For thou art an holy people unto the LORD thy God: the LORD thy God hath chosen thee to be a special people unto himself, above all people that are upon the face of the earth.deut. 7:6

Ye have not chosen me, but I have chosen you, and ordained you, that ye should go and bring forth fruit, and that your fruit should remain: that whatsoever ye shall ask of the Father in my name, he may give it you.john 15:16

For whom he did foreknow, he also did predestinate to be conformed to the image of his Son, that he might be the firstborn among many brethren.rom. 8:29

And that he might make known the riches of his glory on the vessels of mercy, which he had afore prepared unto glory,rom. 9:23

According as he hath chosen us in him before the foundation of the world, that we should be holy and without blame before him in love:eph. 1:4

For we are his workmanship, created in Christ Jesus unto good works, which God hath before ordained that we should walk in them.eph. 2:10

Put on therefore, as the elect of God, holy and beloved, bowels of mercies, kindness, humbleness of mind, meekness, longsuffering;col.3:12

Who hath saved us, and called us with an holy calling, not according to our works, but according to his own purpose and grace, which was given us in Christ Jesus before the world began,2 timothy 1:9

No man that warreth entangleth himself with the affairs of this life; that he may please him who hath chosen him to be a soldier.2 timothy 2:4

Nevertheless the foundation of God standeth sure, having this seal, The Lord knoweth them that are his.
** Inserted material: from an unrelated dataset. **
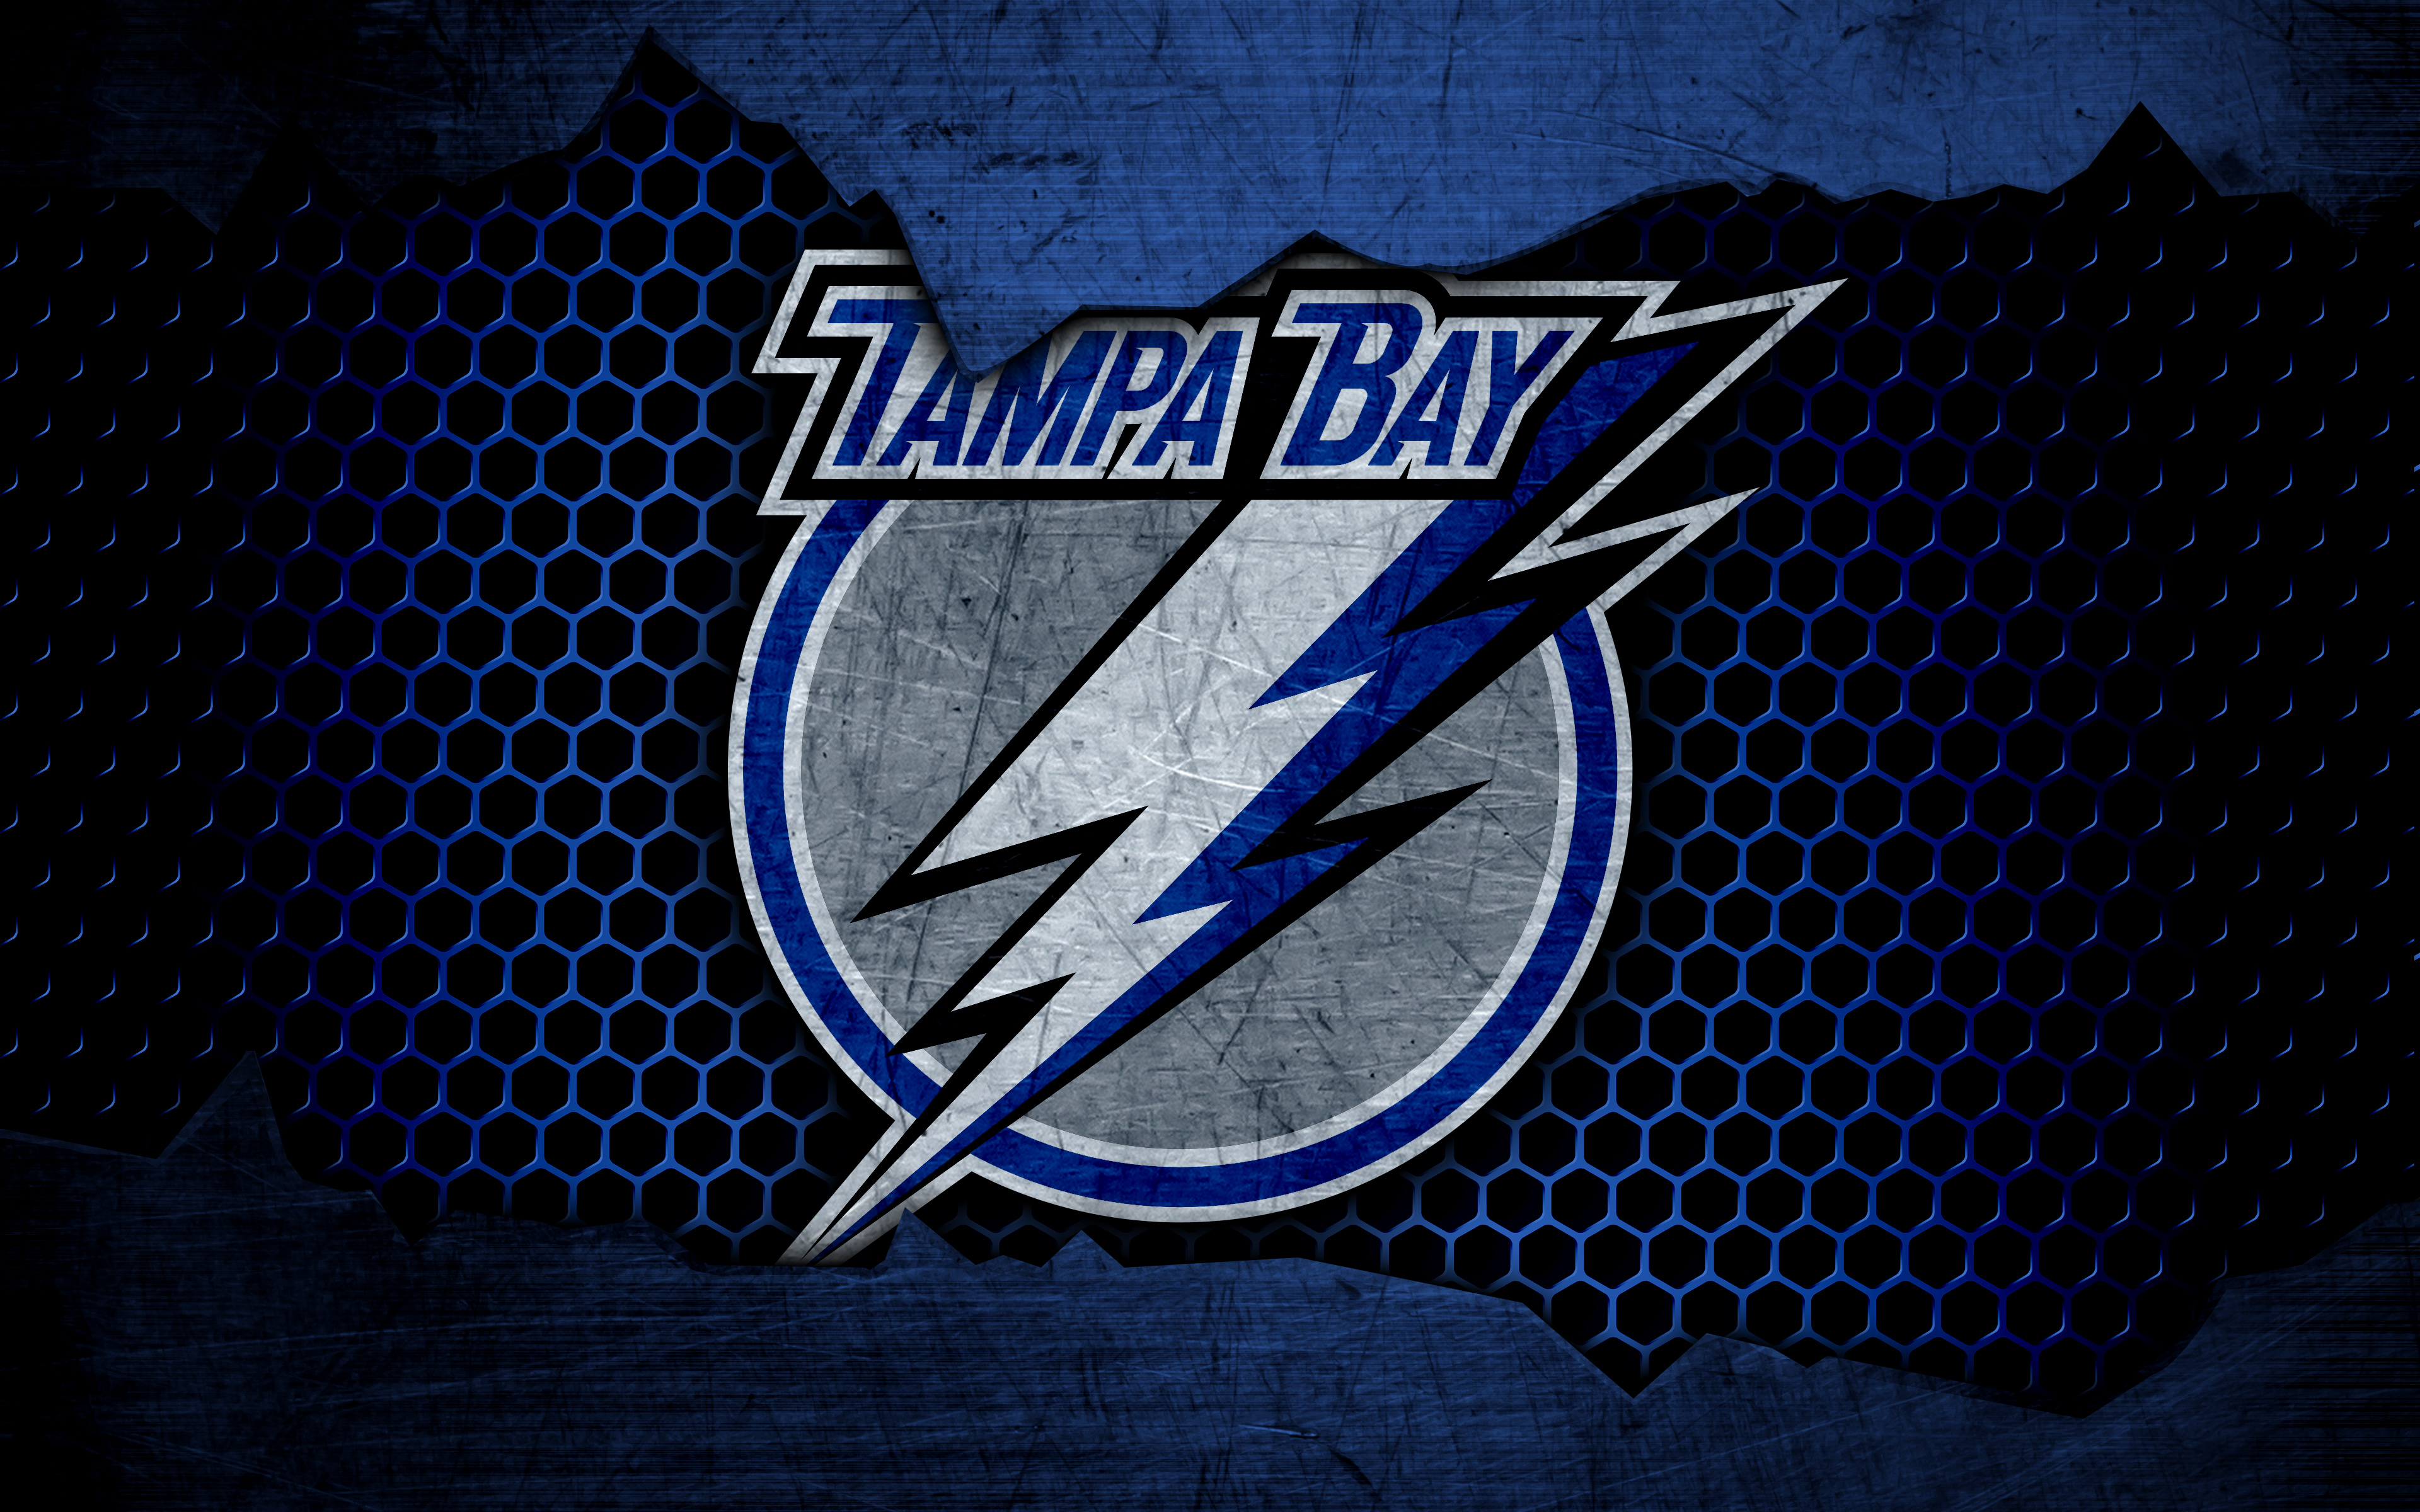 tampa bay lightning, sports, emblem, logo, nhl, hockey

And, Let every one that nameth the name of Christ depart from iniquity.2 timothy2:19

Elect according to the foreknowledge of God the Father, through sanctification of the Spirit, unto obedience and sprinkling of the blood of Jesus Christ: Grace unto you, and peace, be multiplied.1 peter1:2

God elects individuals who together form the group of the elect,the church,the body of Christ.As the body is made up of individual parts,so is the body of Christ, the church, made up of individuals ,each elected to glory,all forming the body ,
andreas.


----------



## Puritan Sailor (May 15, 2004)

The most obvious answer to his theory is simply the fact that a group is made of individuals. You can't get around that no matter how hard you try to twist the words. Who are those whom the Father &quot;gives&quot; to the Son? (John 6)


----------